An interviewee had the possibility to control his apartment through the interface of his CA, but
said he felt stupid interacting with it. One of the reasons why he felt stupid was because he had
to talk to the CA in an an unnatural way for it to understand his intentions. This might be a
limitation due to the UX-designers limited knowledge of nuances and complexity behind a
natural conversation (Moore et al., 2017). According to Moore et al. (2016), modeling natural
conversation is still a hard problem. Although it is easy to get a system to produce words, none
of the current CAs display general conversational competence (Moore et al., 2016). According
to the Luger and Sellen’s (2016) findings, there was a desire by several of their participants to
be able to carry out more natural conversational interactions. However, if an answer from a CA
is too natural, users could over-expect its performance (Lin et al., 2016).

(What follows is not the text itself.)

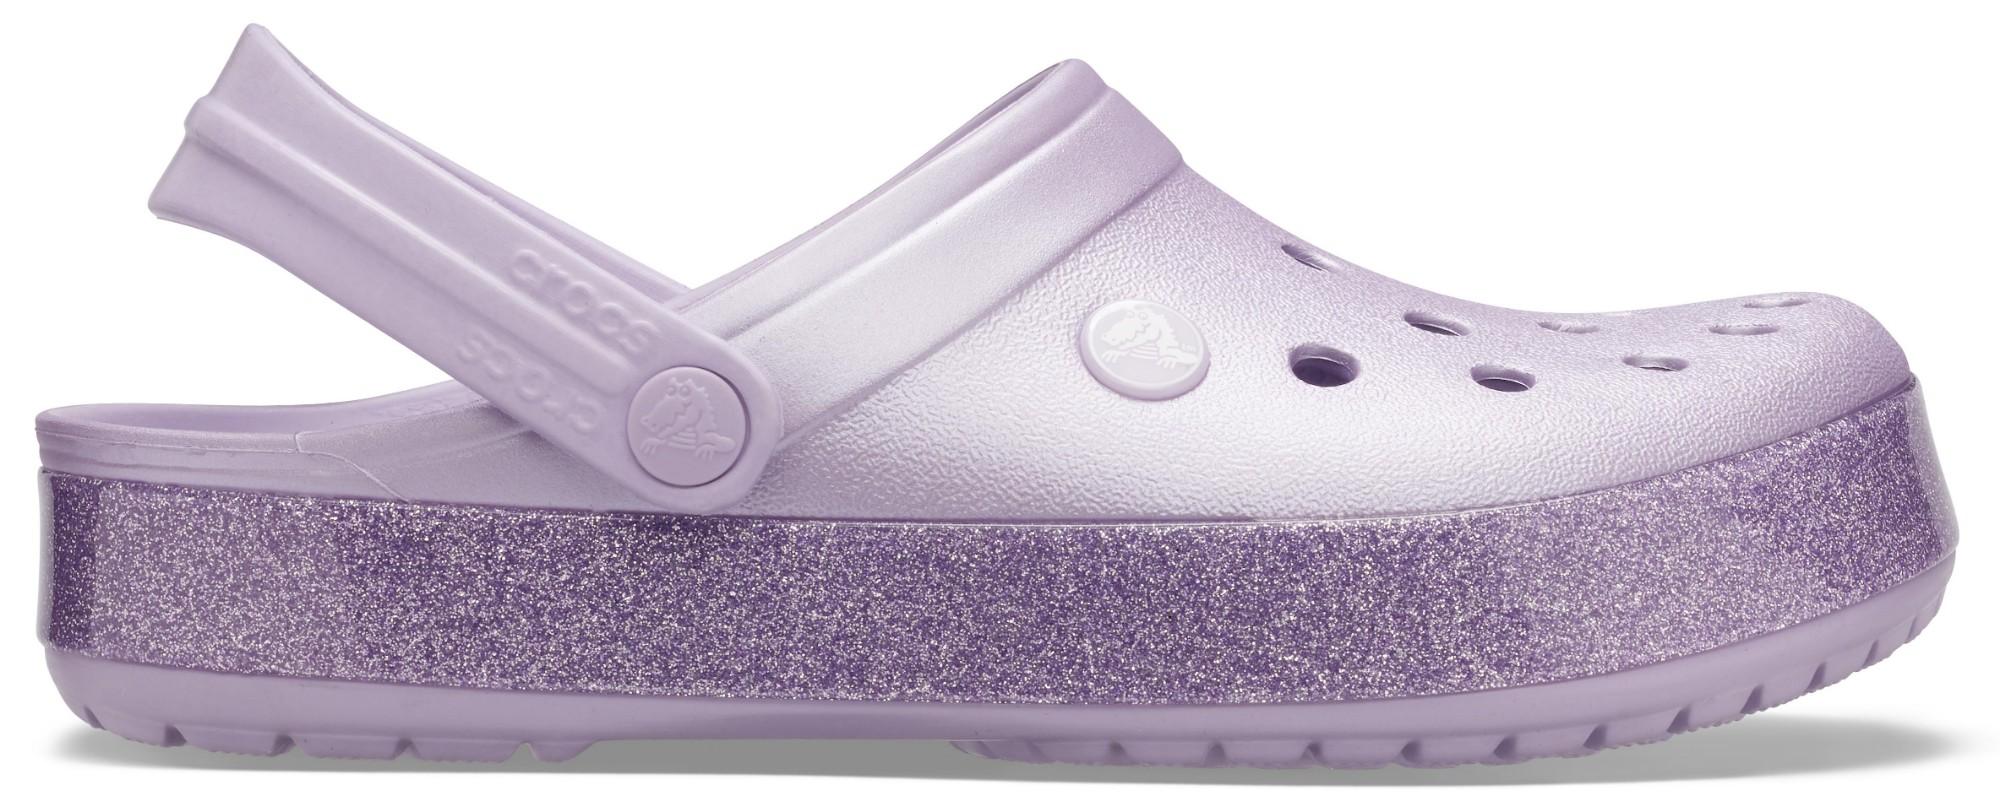 Crocs™ Crocband Printed Clog Metallic Lavender 38,5

Some also felt uncomfortable talking to their CAs in public. These findings are also present in
the article “Like having a really bad PA” by Luger and Sellen (2016). Users from Luger and
Sellens research pointed out that especially in social situations, they were careful with which
tasks they gave their CAs. They only used them for very simple tasks such as directions from
here to a given place. The article pointed out that lack of different understandings of the
underlying technology also affects how it is used. Users with a higher understanding of the
technology are more likely to adjust how a question is phrased, to make it easier for the CA.
Although we didn’t go in depth on our interviewees technological understanding, this might also
be an explanation for why some of them either had a very specific use for them, or didn’t bother
at all.
8
IN5480 – Autumn 2018 – Bråten et al.
One of our interviewees, who used Google Assistant on his Google Home device, said he didn’t
use the CA on a regular basis due to the technological limitations. The interviewee said he
preferred using his smartphone simply because in his opinion, the CA in the Google Home
wasn’t working good enough to be trusted. He mentioned that he didn’t even trust the CA to turn
on a alarm due to previous experience were the alarm didn't go off. The reason for buying it, he
said, was to test the technology. He had concluded that due to the CA’s technological
limitations, his interactions with it was limited. According to Følstad and Brandtzæg,
conversations with Google Assistant “break down fast enough for this to be an interface for only
the most enthusiastic of techies” (Følstad and Brandtzæg, 2017, p. 40), a statement that can be
seen in relation to the experience of our interviewee.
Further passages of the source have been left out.